Rather than attempting to denounce or flatten out the arguments put forth in the cited text, Supplement instead offers a re-presentation of Shaked’s descriptive fragments. This gesture lends specificity to the genre of artist’s projects commissioned for print publication and figures the products of intellectual culture as materials ripe for appropriation. Cokes’s larger practice has gestured toward modes of art-making that recycle references from popular and mass media; Supplement puts forth a similar approach to the use and reuse of materials culled from high and low, visual and textual cultural arenas.

A downloadable video file, titled studio, time, isolation: reconstructions of soul and the sublime (excerpt – pt. 3 of 3) accompanied this project.
—Aram Moshayedi

Aram Moshayedi currently lives and works in Los Angeles where he is a curator at LAXART.

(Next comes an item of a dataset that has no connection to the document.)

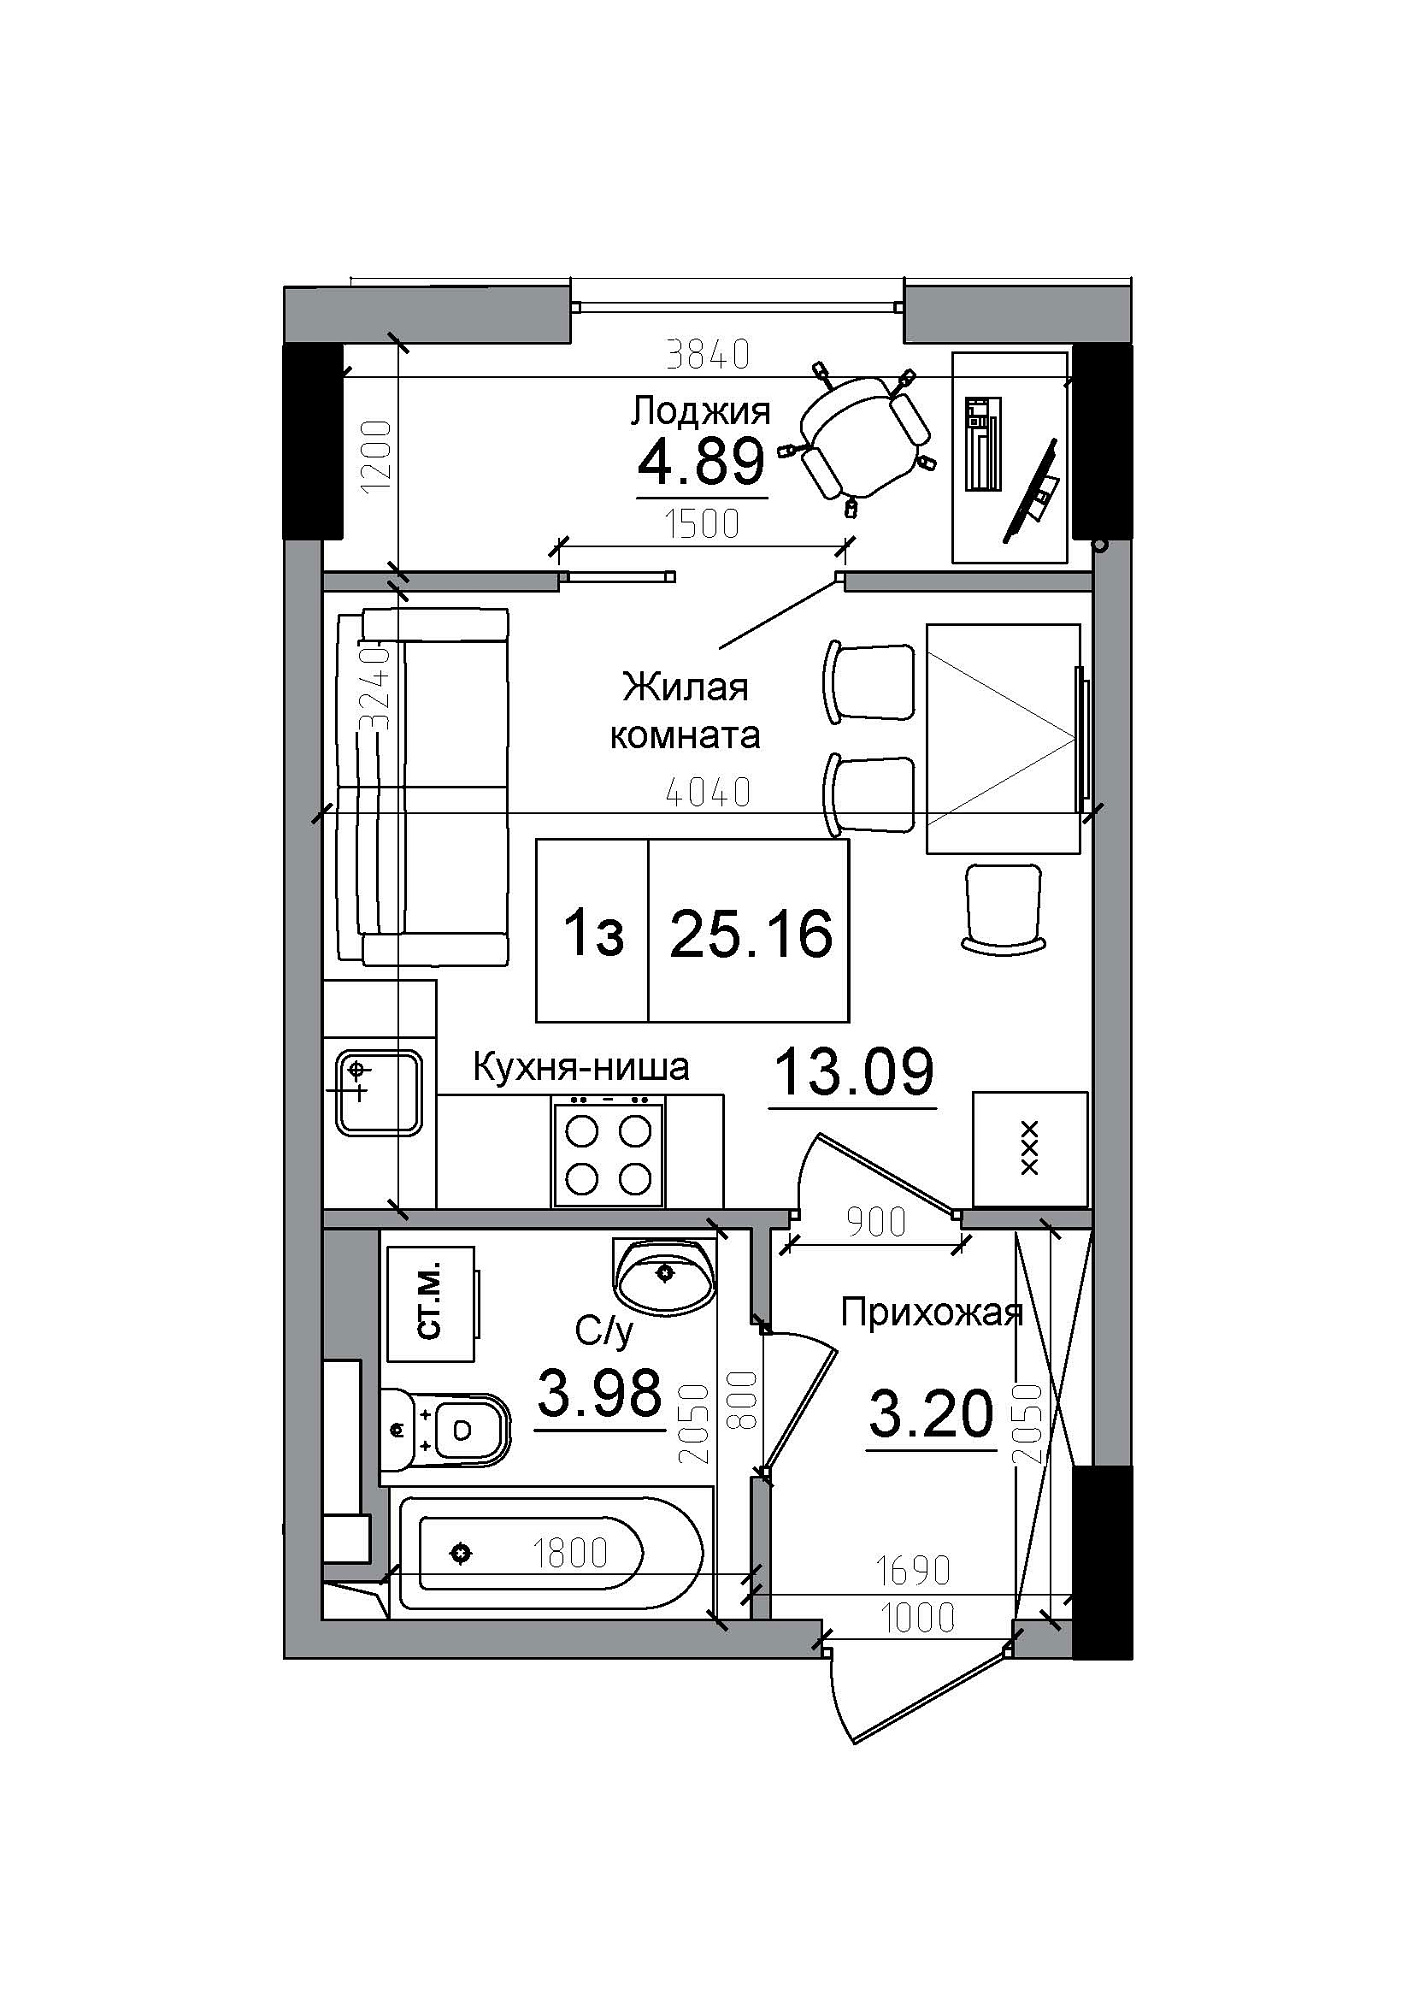 Планування Smart-квартира площею 25.16м2, AB-12-12/00009.

Tony Cokes is a post-conceptualist whose practice foregrounds social critique. Cokes’s works in video, installation, and sound re-contextualize appropriated texts, audio, and images to reflect upon and contest our production as subjects under capitalism. His recent projects often take the form of text animations with sound functioning as a constitutive, inter- textual element, complicating the visual. Cokes’s works have appeared in exhibitions at the Museum of Modern Art, New York; MACBA, Barcelona, Spain; the Whitney Museum of American Art, New York; and the Centre Georges Pompidou and La Cinematheque Francaise, Paris, France. He was a 2008-09 Resident Scholar/ Artist-in-Residence at the Getty Research Institute, Los Angeles. Cokes is a professor in the Department of Modern Culture and Media at Brown University, Providence.
* Supplement contains text by Nizan Shaked and Adrian Piper (Nizan Shaked, “Critical Identity Politics,” X-TRA vol. 11, no. 1 [Fall 2008], 4-15.)